A video from the Extreme Ice Survey in which Dr. Tad Pfeffer and photographer Jim Balog discuss the dynamics of the Columbia glacier's retreat in recent years through this time-lapse movie. Key point: glacier size is being reduced not just by glacial melting but due to a shift in glacial dynamics brought on by climate change.

This NASA video provides a nice overview of Earth's water cycle from the perspective of looking at Earth from space.

This video features Katharine Hayhoe presenting a lively discussion of impacts that the Midwestern US is experiencing due to climate change. It steps through evidence for how climate change is affecting agriculture, tourism, drought and flood, water cycles and freshwater availability, the spread of invasive species and disease, as well as other topics.
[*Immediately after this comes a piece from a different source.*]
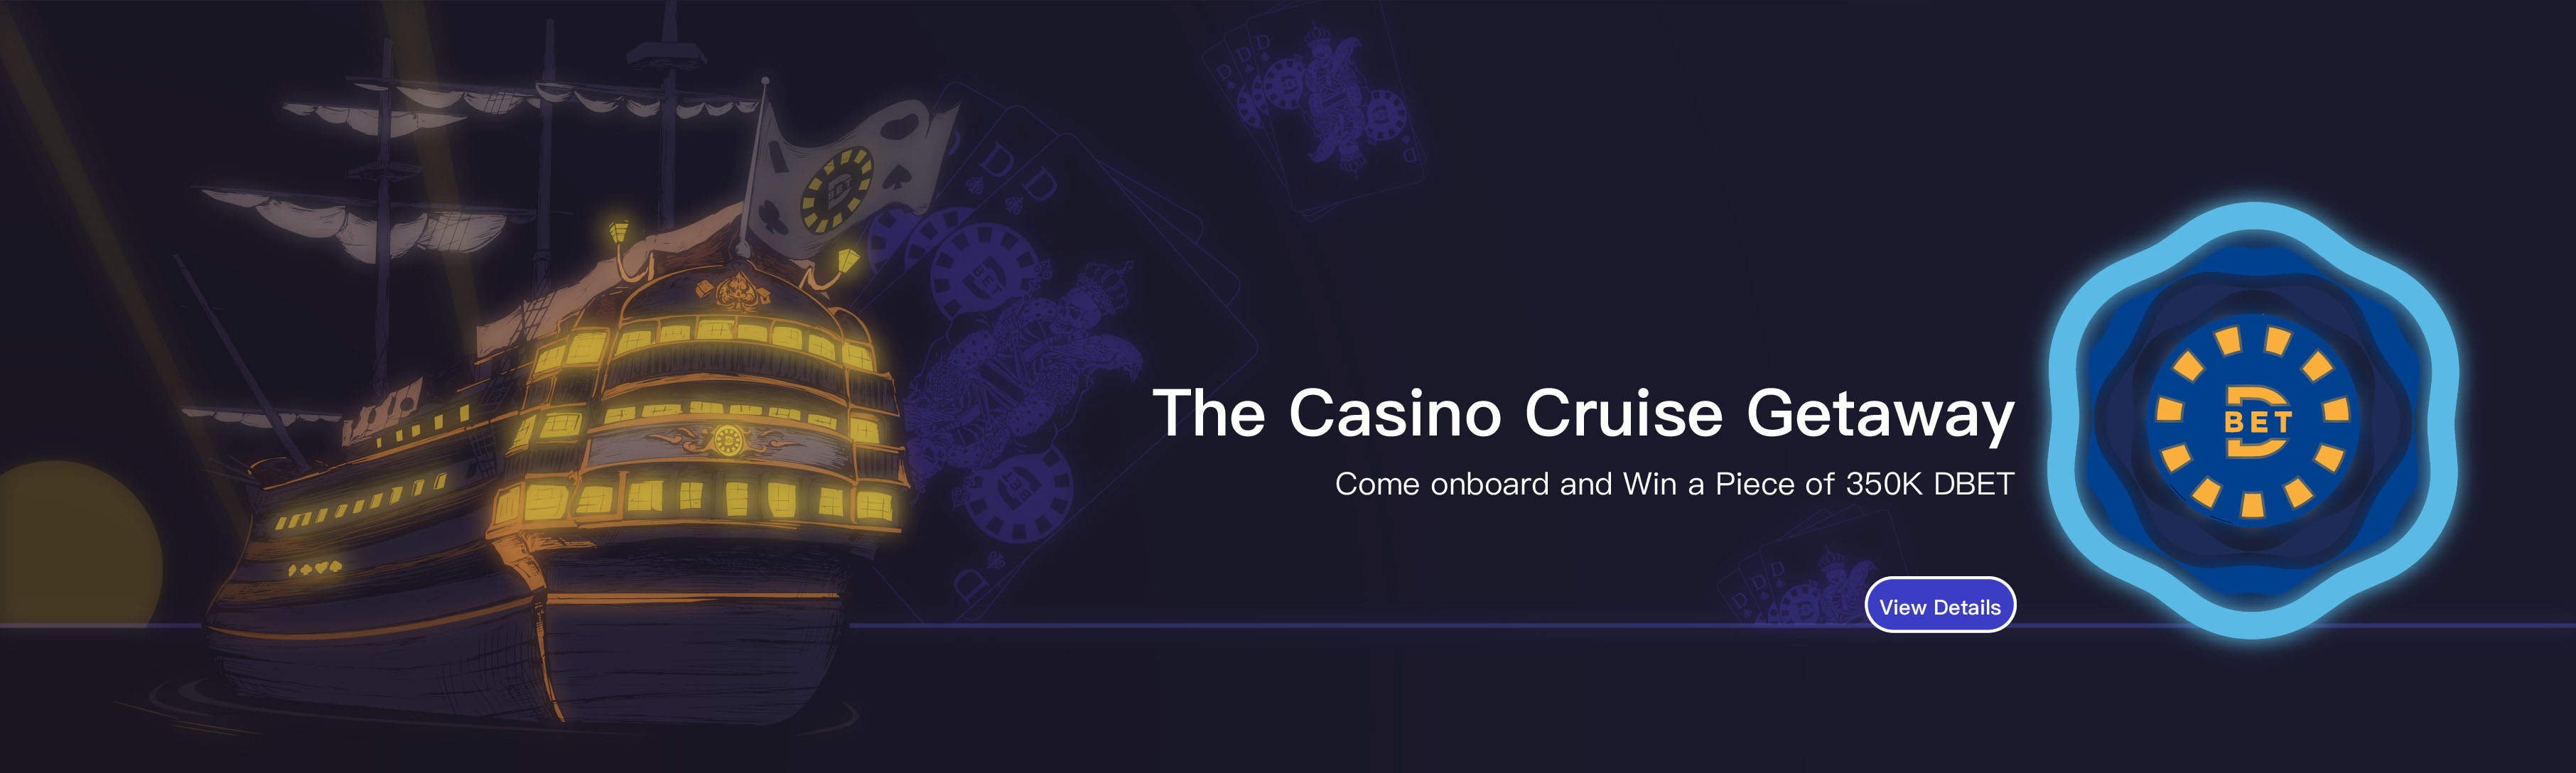 banner-casino_cruise_view_details_.jpg

In this video, students learn that scientific evidence strongly suggests that different regions on Earth do not respond equally to increased temperatures. Ice-covered regions appear to be particularly sensitive to even small changes in global temperature. This video segment adapted from NASA's Goddard Space Flight Center details how global warming may already be responsible for a significant reduction in glacial ice, which may in turn have significant consequences for the planet.

This set of interactive data visualizations show the weather and climate events that have had the greatest economic impact on the US from 1980 to 2016.
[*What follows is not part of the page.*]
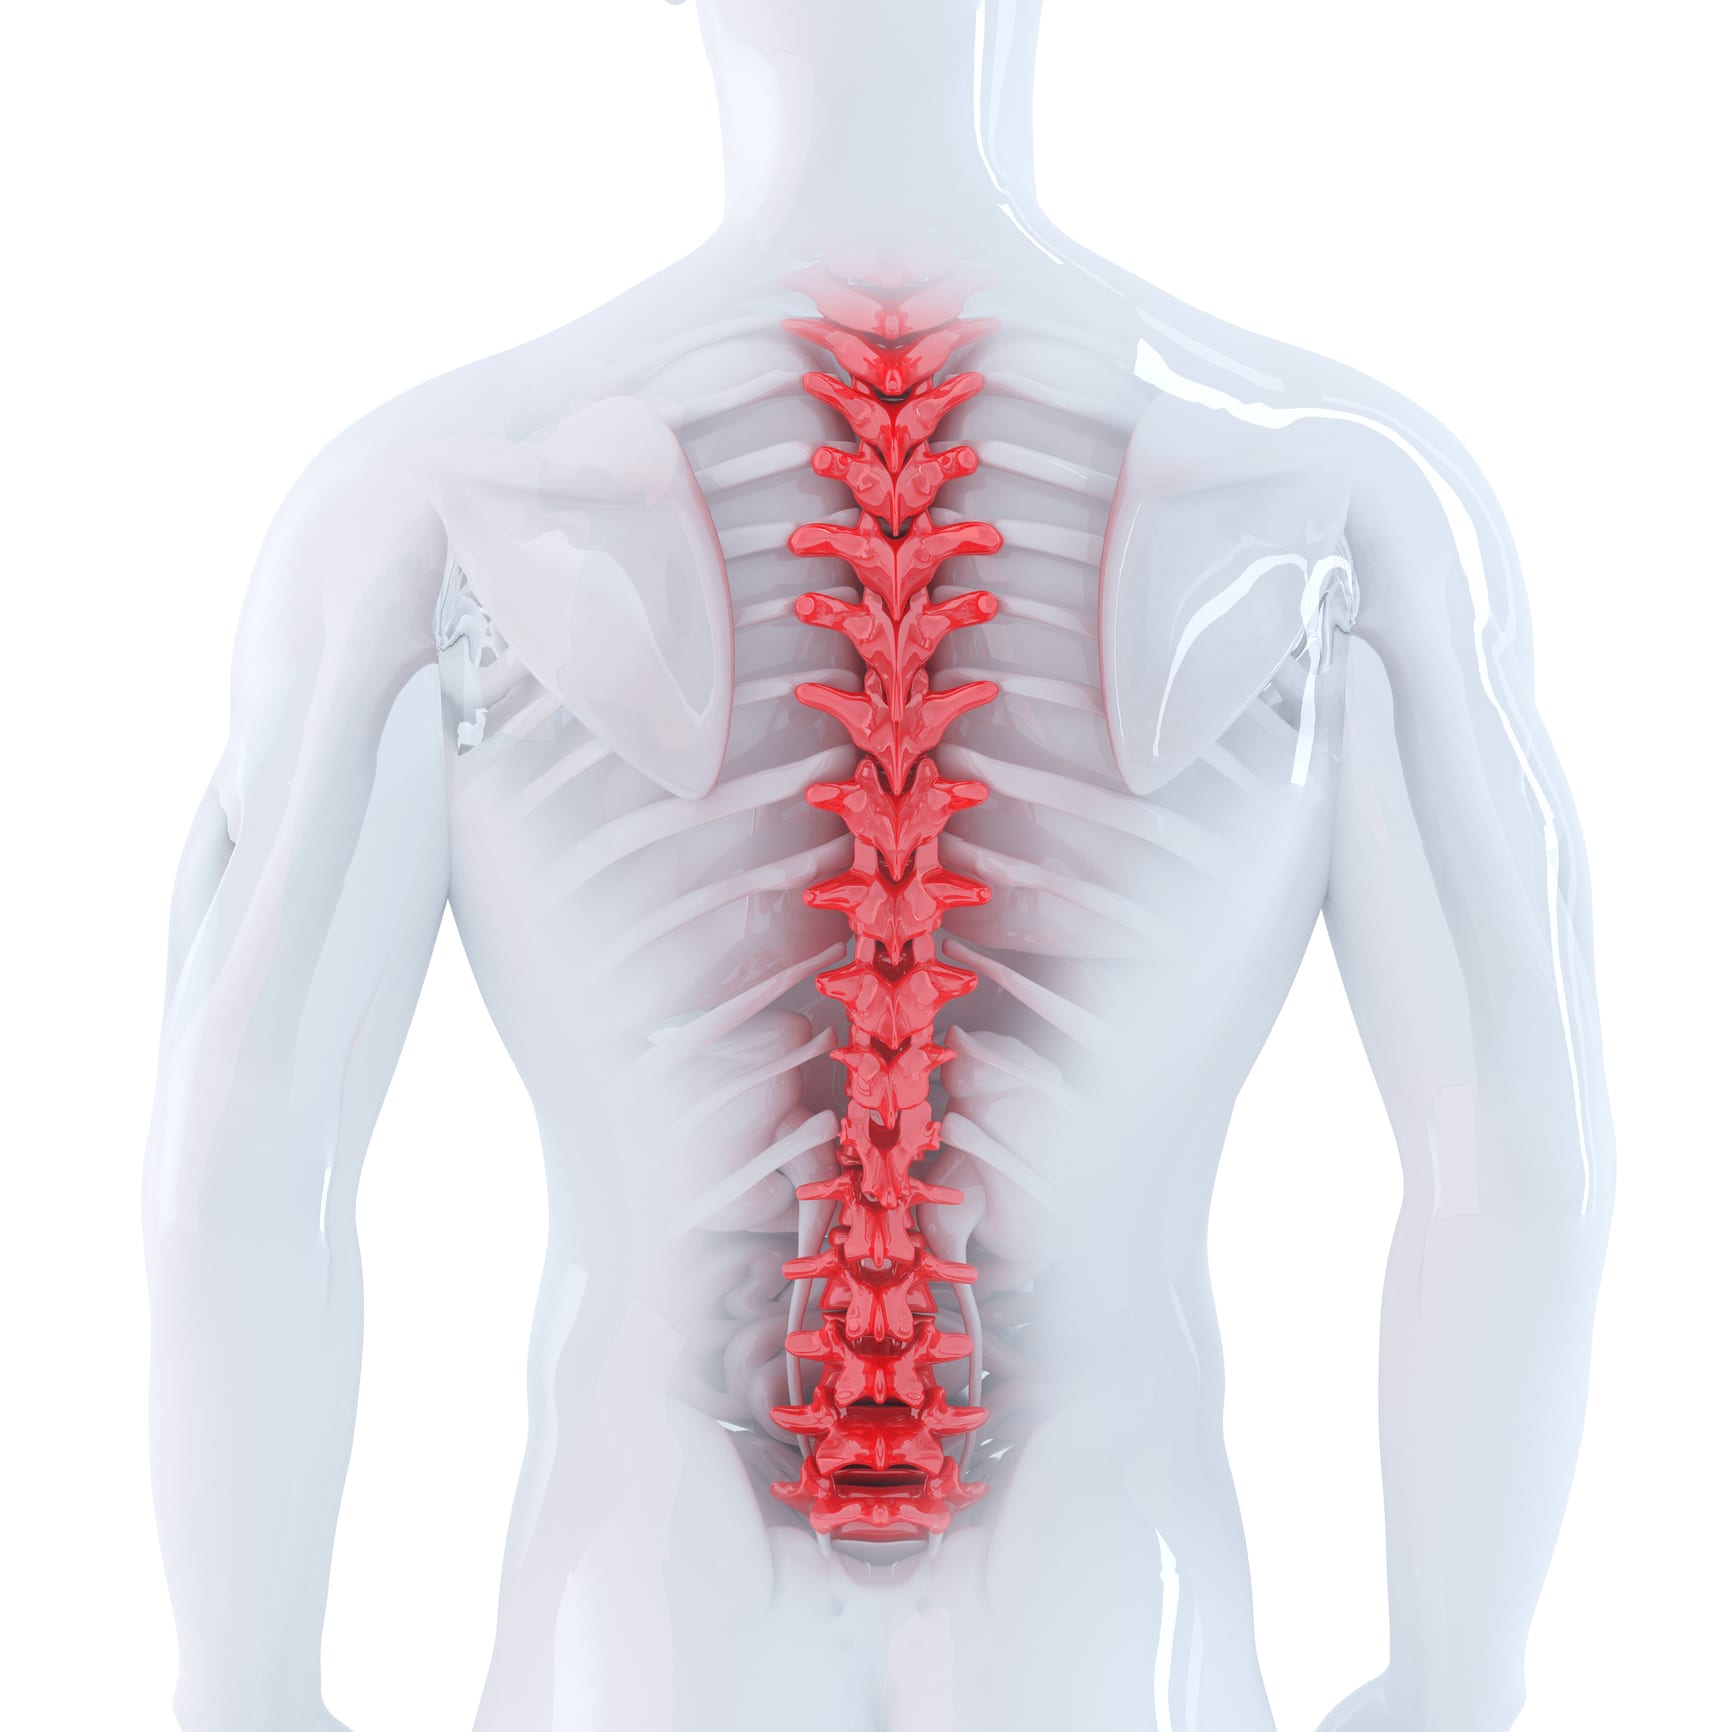 thoracic-spine-anatomy-poster-anatomy-bones-human-spine-anatomy-porn

Resource Watch features hundreds of data sets all in one place on the state of the planet's resources and citizens. Users can visualize challenges facing people and the planet, from climate change to poverty, water risk to state instability, air pollution to human migration.

This video montage of spectacular NASA satellite images set to music shows different types of ice and ice features as well as descriptions of satellite-based measurements of ice cover. Text captioning describes how global ice cover is changing, and how this is measured.
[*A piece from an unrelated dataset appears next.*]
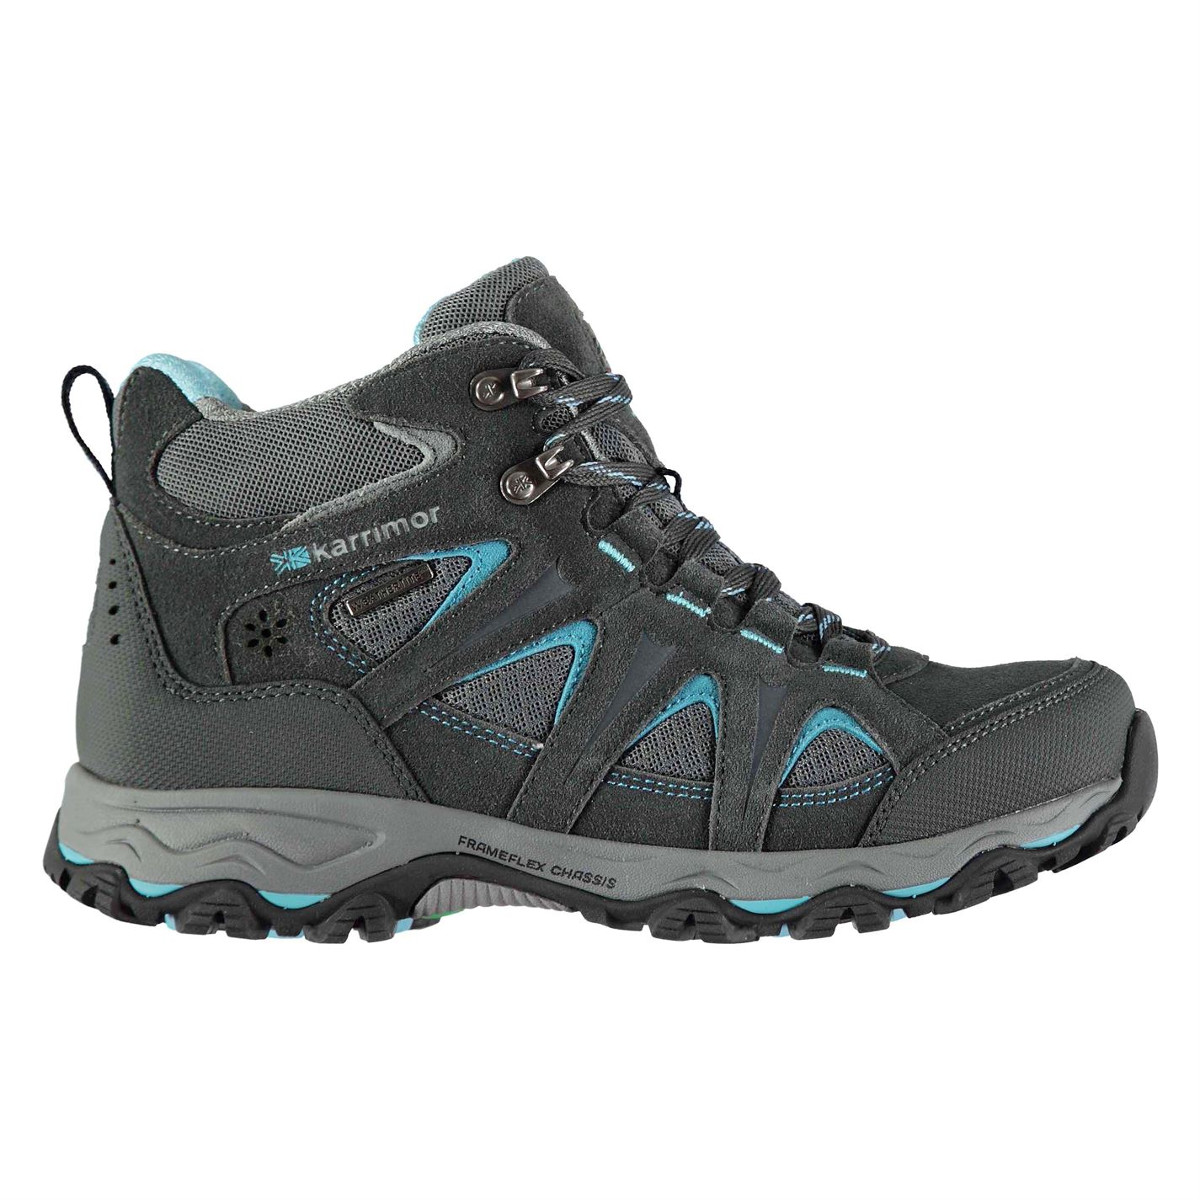 Karrimor Women's Mount Mid Waterproof Hiking Boots - Size 6

This interactive visualization provides a clear, well-documented snapshot of current and projected values of several climate variables for local areas in California. The climate variables include observed and projected temperatures, projected snowpack, areas vulnerable to flooding due to sea level rise, and projected increase in wildfires. The projected values come from expert sources and well-established climate models.

This video provides a good introduction to the field of attribution science. Beginning with an introduction to weather and climate, it describes how severe weather might be linked to climate change and the science behind attribution studies. It gives a good explanation behind how scientists use climate models to study whether severe weather events were influenced by climate change. It also discusses the question, "does climate change cause extreme weather?" and provides an introduction to the concepts of probability, causation, and correlation in regards to attribution science (how much climate change influenced an event verses normal variations in weather).

This video describes why tropical ice cores are important and provide different information than polar ice cores, why getting them now is important (they are disappearing), and how scientists get them. The work of glaciologist Lonnie Thompson is featured, with a focus on his work collecting cores of ice from high mountain glaciers that contain significant data about past climate change.